Technology

An edit button won’t solve Twitter’s problems

Twitter resisted adding the ability to edit tweets for years, even though it was the most requested feature by its users, including the potential owner. Elon Musk. Former chief executive Jack Dorsey said in 2020 that the company would likely never introduce an edit button, saying it would ruin the “vibe” of Twitter’s early days as an SMS messaging service.

Experts have repeatedly pointed out that the ability to edit tweets could allow bad actors to rewrite history and spread misinformation, even if a full tweet history is available.

For example, innocuous tweets that go viral could easily be edited to later post misinformation or hate speech, and even if previous versions of the tweet are visible, that doesn’t necessarily mean people will watch them. An edit button would also, in theory, make high-profile users whose tweets attract mass attention even bigger targets for hacking, if bad actors know the tweets are guaranteed to have mass audiences.

Users will be notified that tweets have been edited with an icon, timestamp and label, which Twitter said is designed to make it clear that the original message was edited within half an hour of being sent. Tweets can be edited “a few times” within this time frame, and a log of how a tweet was edited will show up when someone taps on the tag.

Twitter has acknowledged that people could abuse the feature and says it is testing that potential. It’s probably an attempt to downplay, says Konstantinos Komaitis, an internet policy expert.

“Depending on how Twitter decides to design this, it can either help people with typos and there’s nothing more, or it can actually change, I believe, the whole public discourse and the way which we interact and share an understanding,” he says. .
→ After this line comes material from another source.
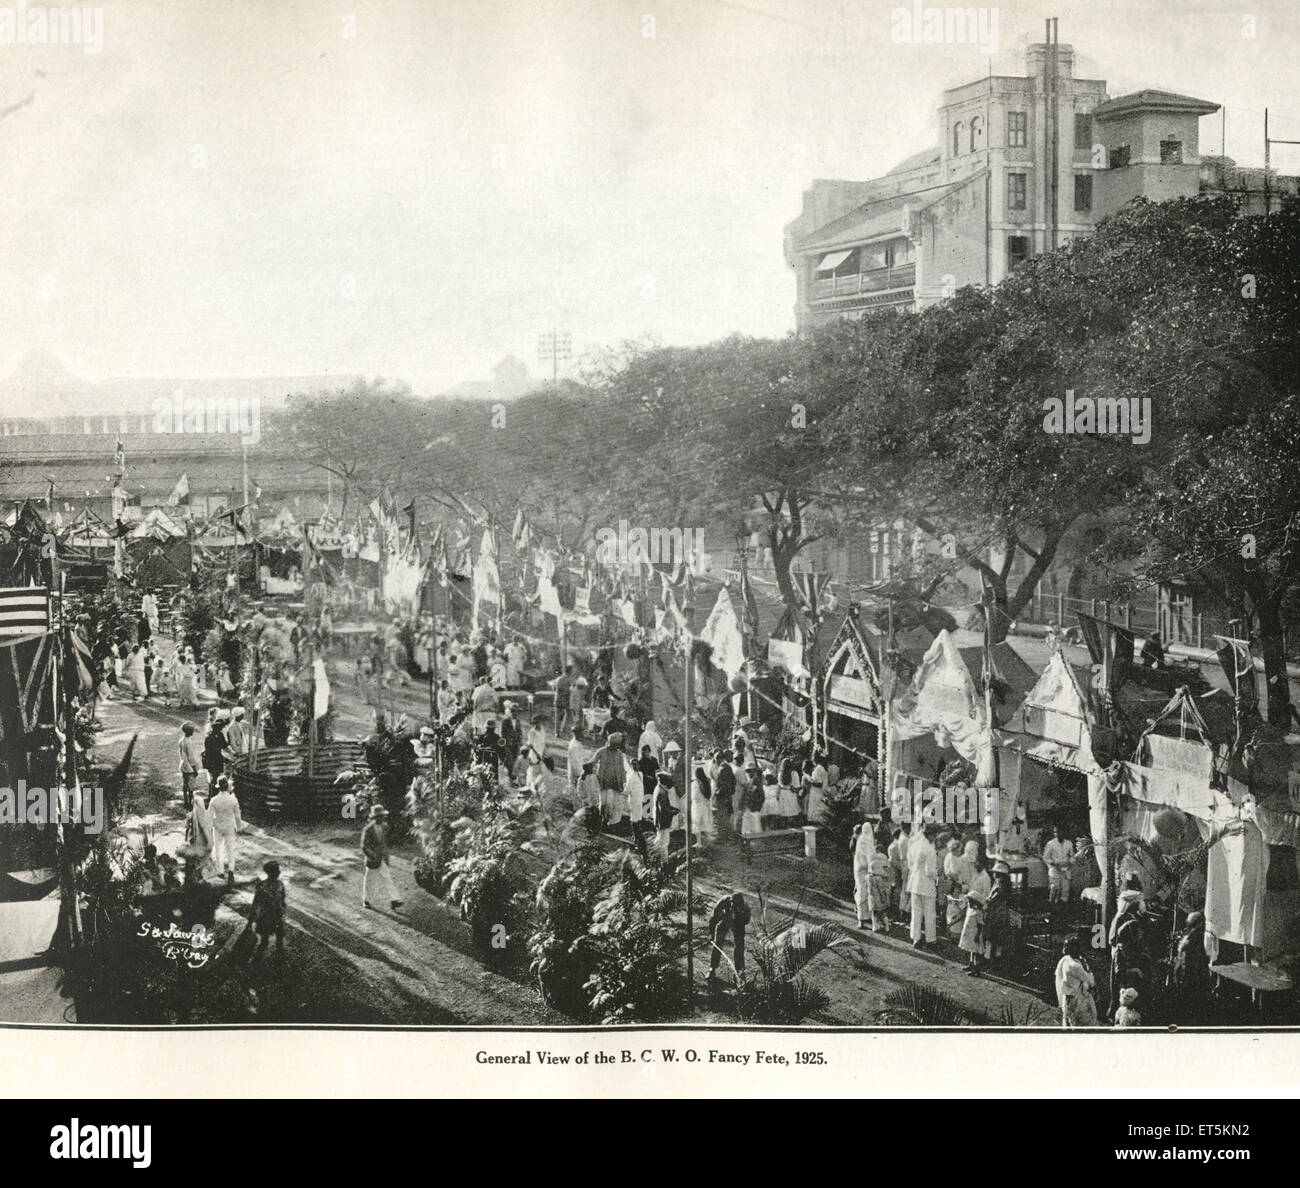 Katholische Gemeinschaft; BCWO Fancy Fete; Bombay; Mumbai; Maharashtra; Indien; Asien ; Asiatisch ; Indisch ; alter Jahrgang 1925 Bild Stockfoto
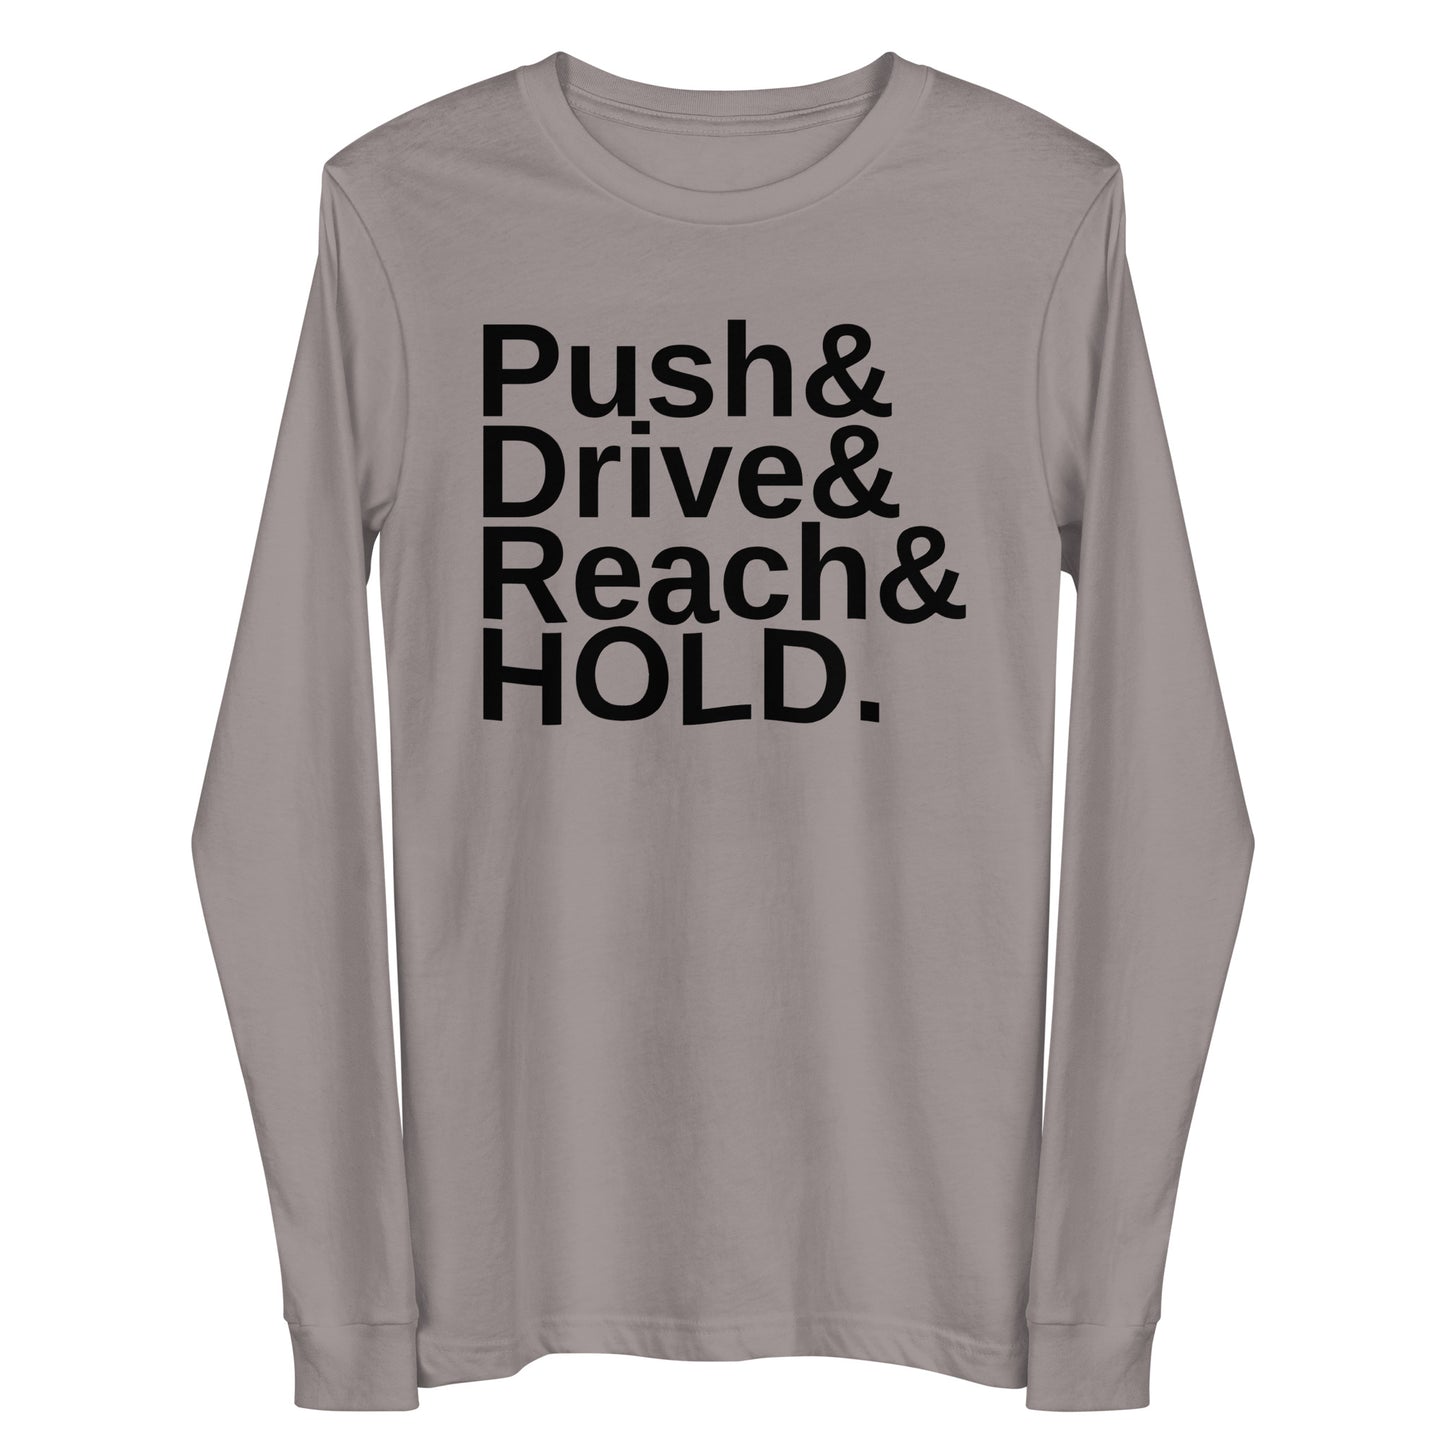 Push&Drive&Reach&HOLD Long Sleeve Tee

Giving users an edit button could also be construed as a convenient distraction from the deeper issues facing the platform: its upcoming legal battle with Musk, the glaring privacy and security issues laid bare by the former security chief turned whistleblower Peiter “Mudge” Zatko, and ongoing concerns about his deep-seated failure to curb trolling, hate speech and other toxic behavior. An edit button does nothing to solve these problems.

Alerting users that a tweet has been edited will be key to minimizing the risk of abuse, Komaitis pointed out, using the example of someone tweeting a photo of a cute dog to generate positive responses, then to trade for a photo of Hitler.